Спрашиваю:
— Ленни, где у них огнетушитель?
— Щас… ближайший в коридоре справа, ага.
Нахожу красный баллон — вот уже что стандартно во всех мирах — и заливаю желтоватой пеной сперва занавески, потом — мерзко воняющий клубок пластика в сейфе. Так, вот теперь точно пора валить — вряд ли те, кого я сейчас спасла, оценят широту моей снажьей души.
Прыгаю наконец в окно. Второй перелаз через забор дается куда тяжелее — обдираю бедро о колючку. Едва добегаю до дороги — слышу мотор. Сил на тень уже нет, тупо падаю в кусты.
— Соль, сюда, скорее!
Знакомый голос, знакомый запах… Это та беловолосая девица, ассистентка Мясника. Выбираюсь из мокрых кустов и заскакиваю на заднее сидение ее мотоцикла.
— Ты достала это? — спрашивает девушка.
А что, если не достала, она меня тут и бросит?
— Да.
Девушка резко газует с места. Мчим по пустым ночным дорогам. Снимаю наконец осточертевшую маску и подставляю лицо ветру, чувствуя влагу, растворенную в воздухе.
Ленни в наушнике сообщает, что все записи камер в доме Парамонова за сегодня стер, а копию сбросил мне. Надо же, совсем об этом не подумала… О чем еще я не подумала?.. Наверно, скоро узнаю.
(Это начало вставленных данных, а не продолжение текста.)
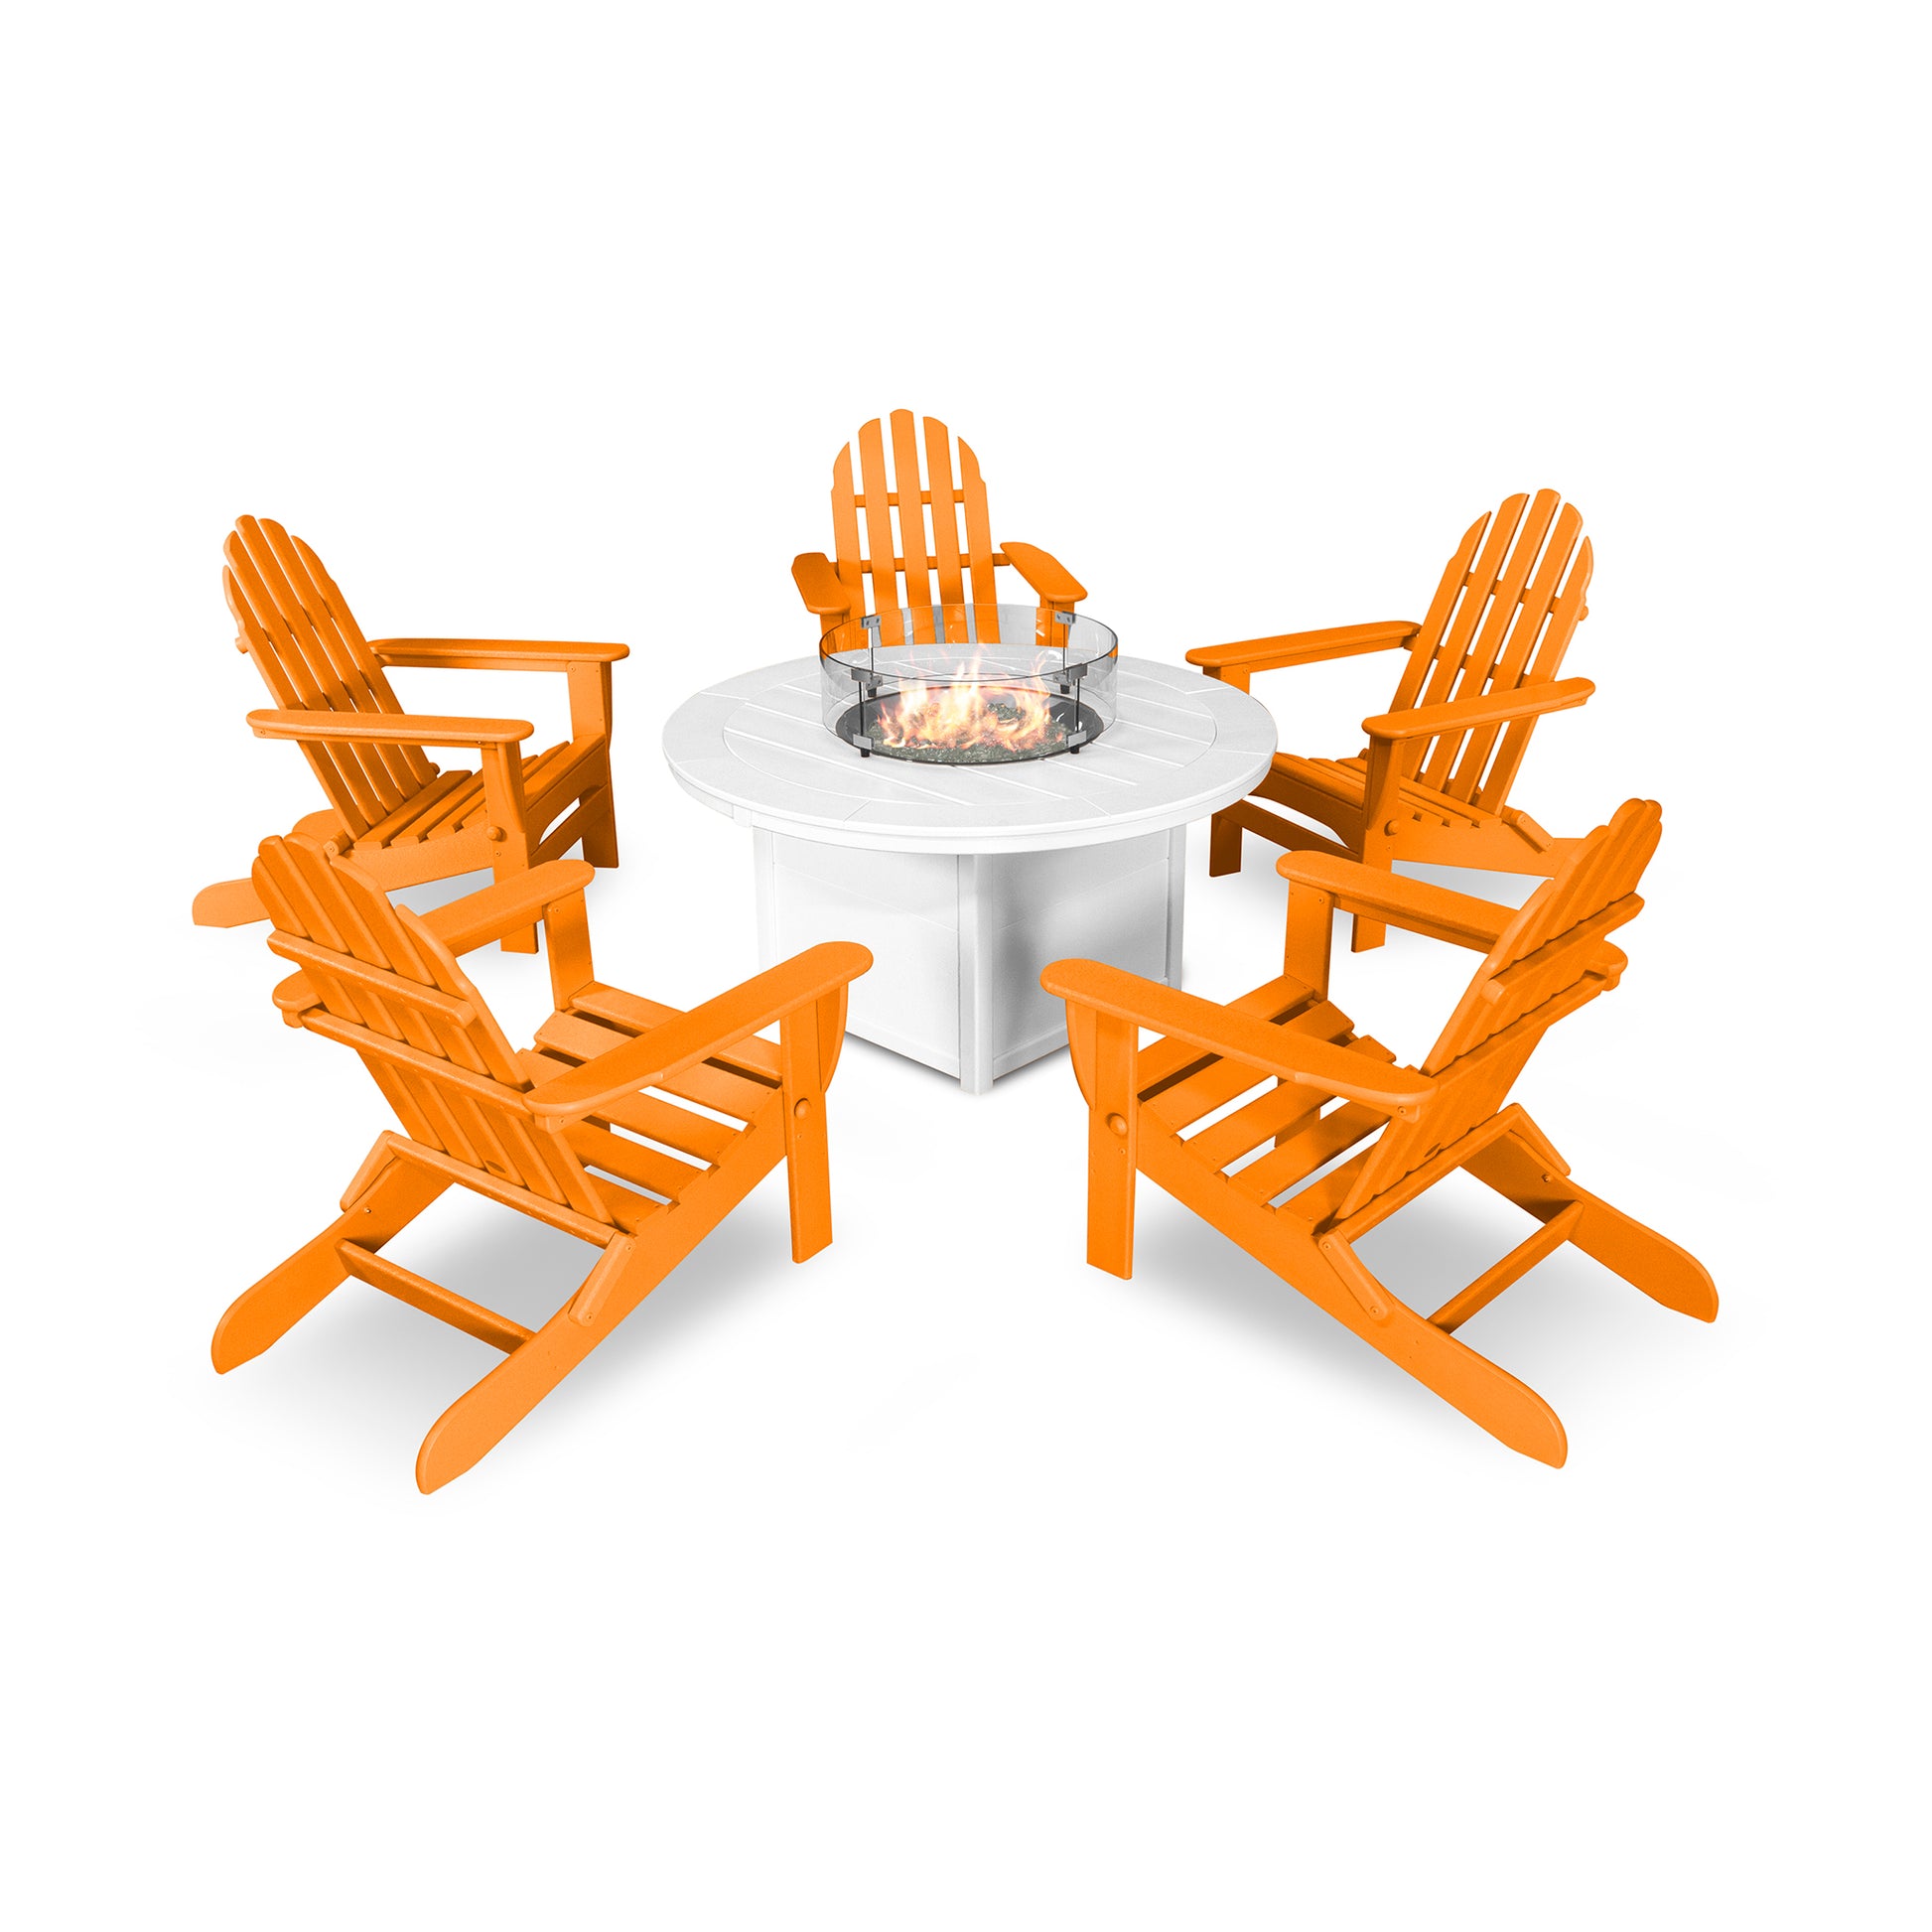 A set of four orange POLYWOOD Classic Folding Adirondack Chairs arranged around a white round POLYWOOD Fire Pit Table, all placed on a plain white background.

Ворота базы Мясника распахиваются сами — никто не задает вопросов.
Девушка требовательно протягивает руку. Отдаю ей пакет с кассетой. Она кивает:
— Жди здесь.
Под пристальными взглядами автоматчиков почти падаю на брошенный у ворот пустой ящик. Серьезных ранений нет — тут синяк, там царапина — но чувствую себя так, словно меня от души прокрутили в стиральной машине, да еще в режиме для самых старых и грязных тряпок. Но ведь вроде драка на сегодня закончена? Всё хорошо? Мясник получил чего хотел?
Вот только… Хотел-то он не только кассету, но и меня. Фу, как пошло звучит… меня в качестве сотрудника… хотя если называть вещи их именами — раба. И что, сейчас он за здорово живешь позволит мне уйти на все четыре стороны?
Быть может, настоящий бой этой ночи еще впереди.
Глава 18Любовь к судьбе
— Мясник ждет тебя, — сообщает беловолосая. Для человека она двигается на удивление тихо.
С усилием поднимаюсь с ящика и тащусь за ней в уже знакомый ангар. Пахнет сырым мясом и кровью — последнее более отчетливо, чем в прошлый раз.
Мясник извлекает из видеомагнитофона до боли знакомую мне кассету. На экране мерцают серые точки, из динамика идет тихое шипение.
— Как же мы тогда были молоды, — говорит Мясник с какой-то странной интонацией… смесь удивления, сожаления и мечтательности.
Да он ведь и теперь не стар… Твердые мышцы неспешно перекатываются — майка-алкоголичка, зараза, ничего толком не прикрывает. Вежливо пережидаю минуту ностальгии. Мясник кивает на диван напротив, но я остаюсь на ногах:
— Мы с тобой в расчете?
— Не вполне.
Мясник тянется к выдвижному ящику. Группируюсь для прыжка или удара — уставшие мышцы отзываются болью. Но Мясник достает не оружие — мешочек.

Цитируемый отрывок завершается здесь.